Sure, in theory Belle should emancipate herself fully. She should be an open book, and then it's Dad's choice whether or not to accept her and her husband and their lifestyle, or to sacrifice his relationship with his daughter and future grandchildren to his beliefs.

But that's easier said than done, and life is far less black and white than we'd like, and I get it. I really do. There is something to be said for meeting in the middle, for keeping the peace, and for guarding those pieces of yourself others haven't earned the right to see. Those pieces of yourself you don't trust others to see and not to judge.

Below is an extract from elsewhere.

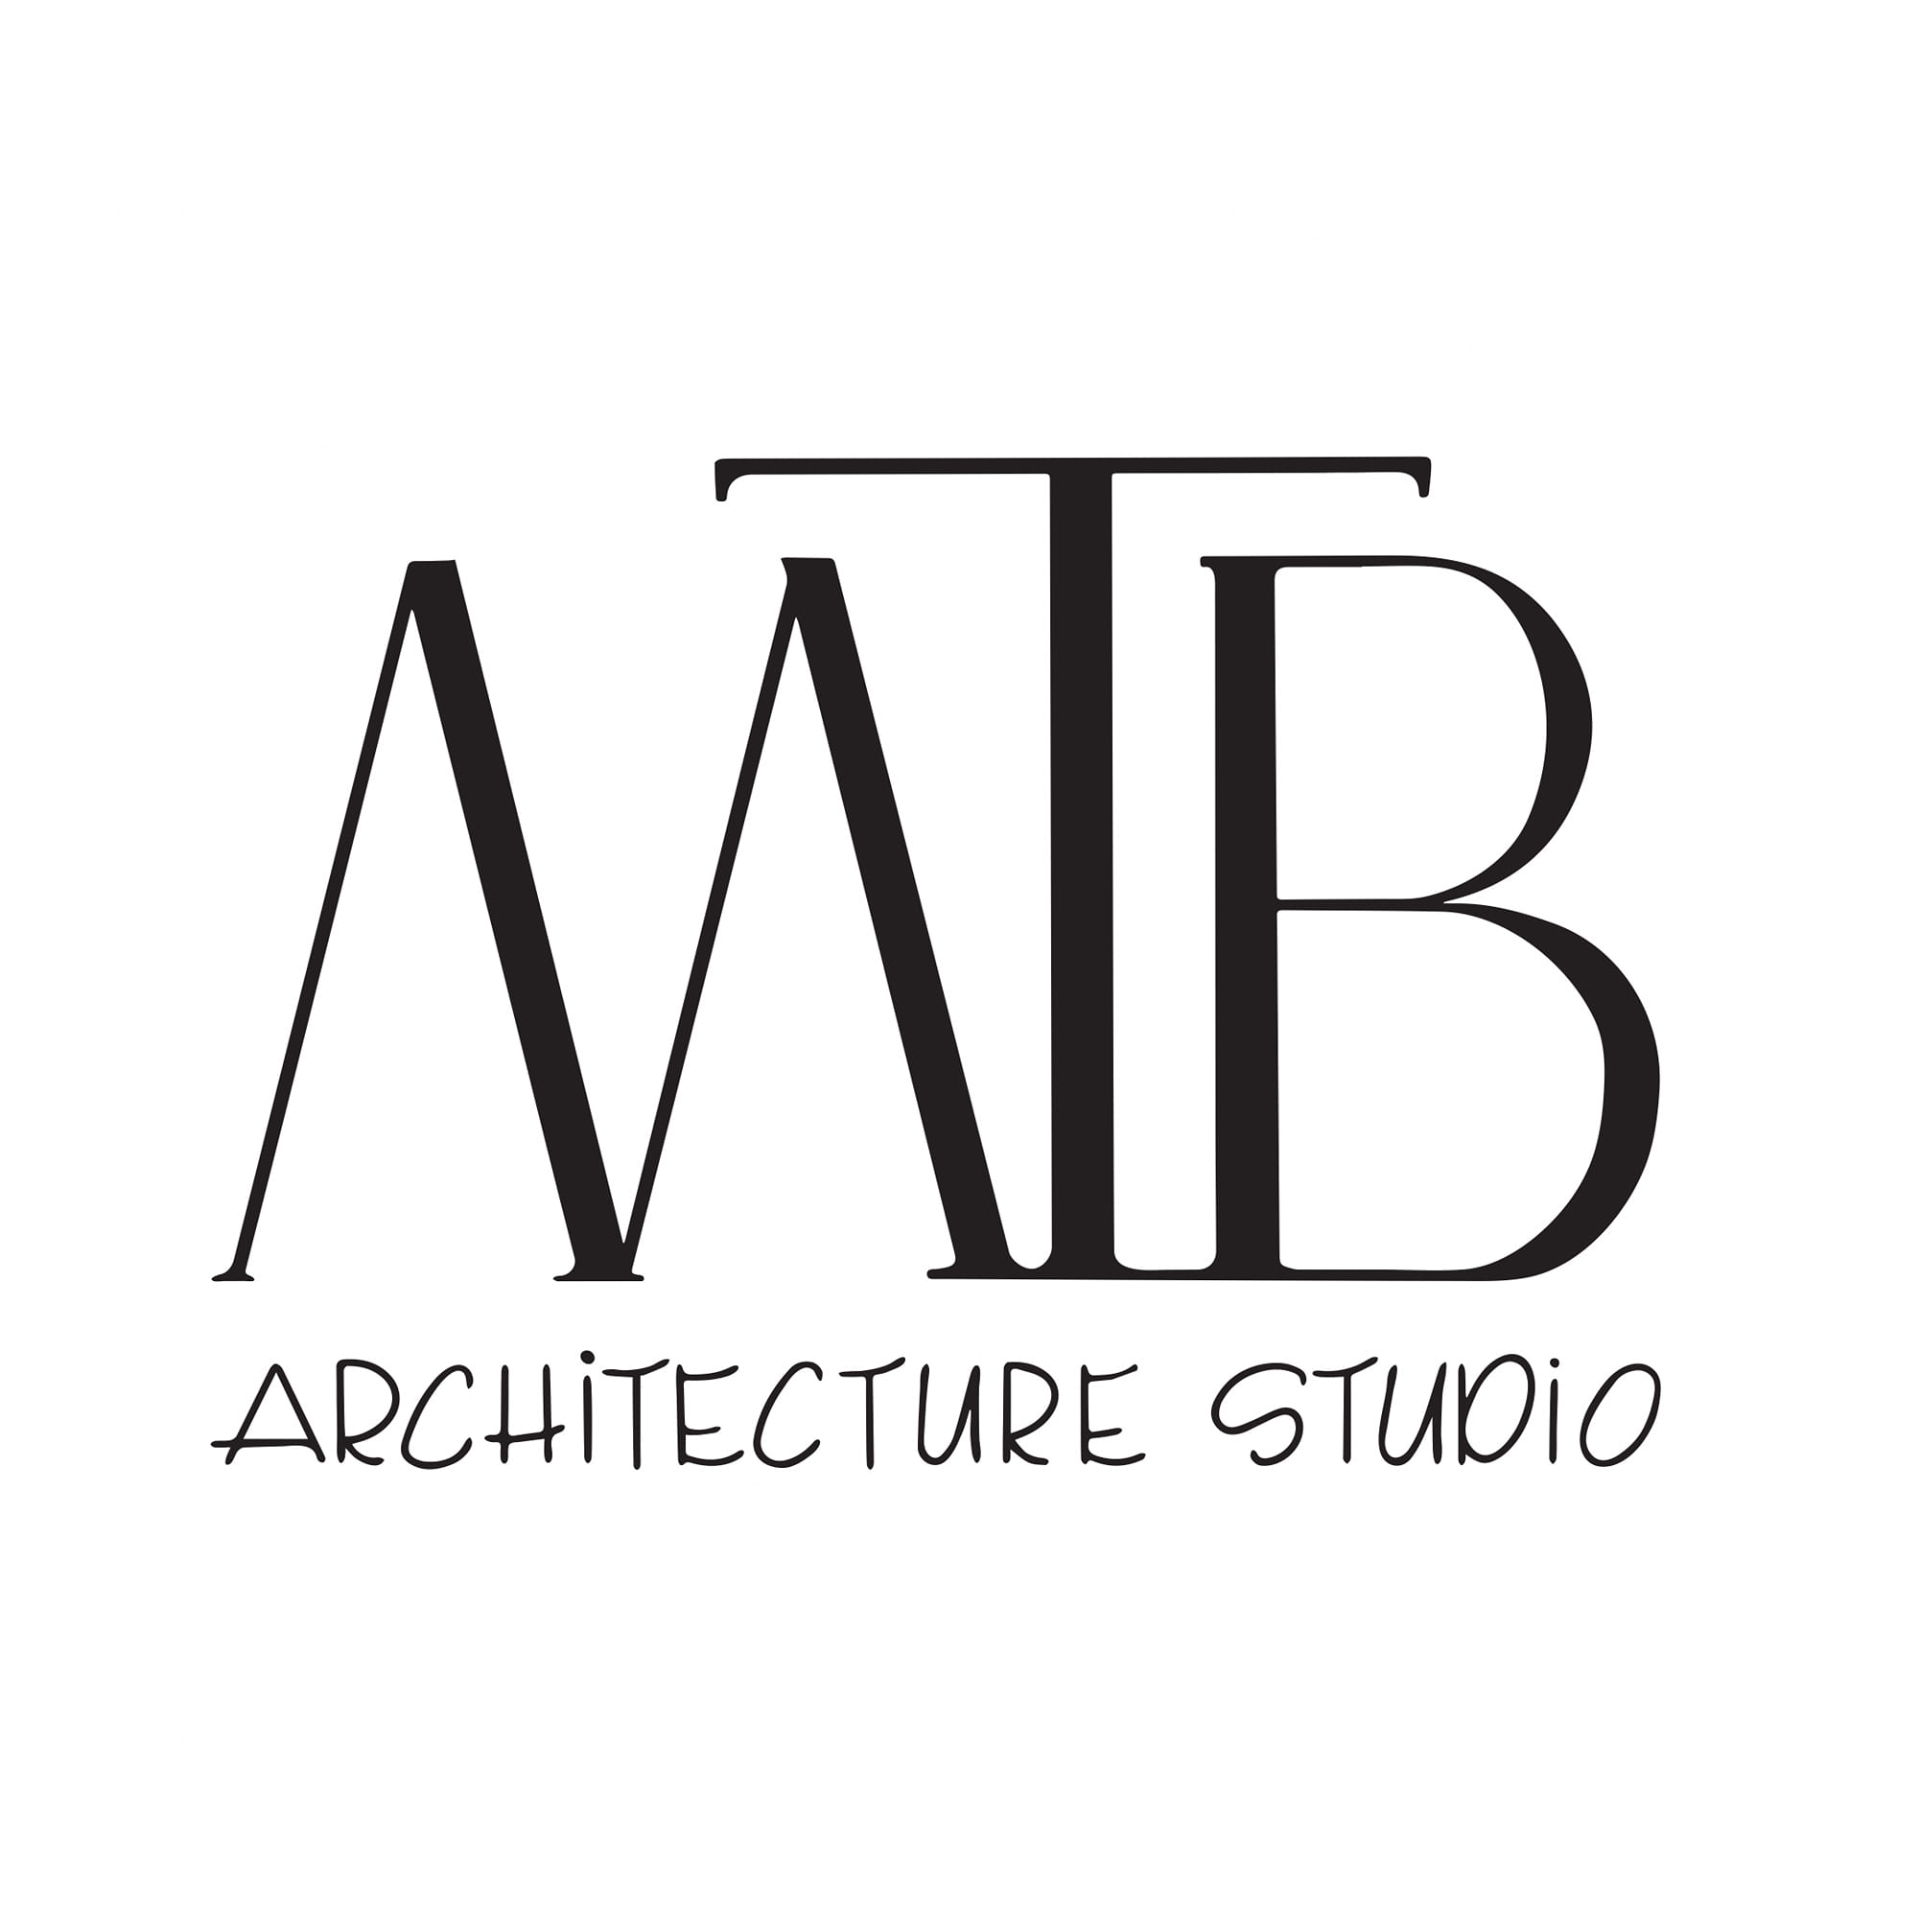 More Than Buildings Architecture and Design Studio|Architect|Professional Services

So my sister walks that tightrope, and Rafe walks it with her because he loves her. Belle has chosen to have a relationship with our father on some level. She's stood up for her rights and her morals and she's made it very clear to him that his reaction to her decisions is not her responsibility. But she hasn't pushed her agenda so far as to alienate him for good.

And rather than despair of that, I admire it. This is real life, and real life is messy, and while I ran off to hide in New York, my sister stayed here and stood up to Dad and built a life for herself in the meantime.

I really fucking admire that.

Because, God knows, there are shadowy aspects of my personality that I refuse to entertain myself.

And never, ever would I expose them to my father.